Namun, ulama menambahkan pembahasan sam’iyyat sebagai pelengkap (takmîlan) akan bab ilmu kalam. Ini juga sebagai upaya mencegah distorsi terhadap konsep agama, seperti anggapan bahwa dajjal adalah raksasa yang bermata tiga. Padahal, dajjal merupakan manusia keturunan anak Adam yang diberikan istidrâj dan muncul di akhir zaman.
Dari segi urutan, tentu memulai dari pembahasan ketuhanan memiliki alasan rasional.
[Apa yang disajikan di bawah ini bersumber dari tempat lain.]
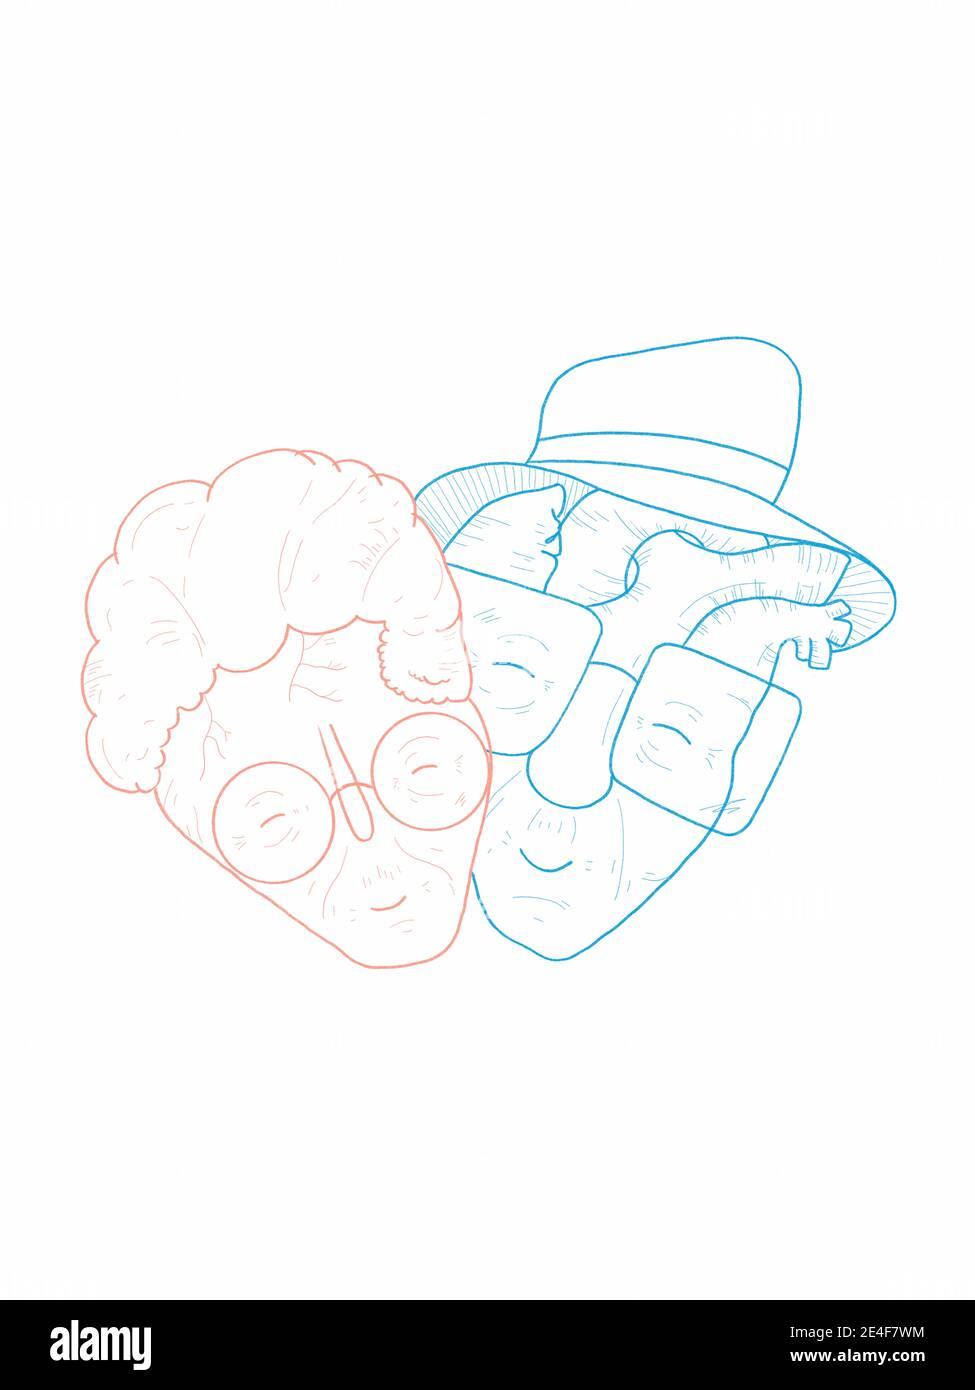 Dibujo a mano de una pareja encantadora y vieja de corazón y cerebro Foto de stock

Sebab, bagaimana caranya percaya akan keberadaan Nabi jika sejak awal tidak percaya akan keberadaan Tuhan? Dan bagaimana caranya percaya persoalan akhirat jika tidak percaya bahwa Nabi itu ada dan mustahil berbohong? Sistematika seperti ini sangat berpengaruh juga dalam berdebat dengan kaum ateis, sebagaimana yang pernah kami tulis dalam salah satu tulisan.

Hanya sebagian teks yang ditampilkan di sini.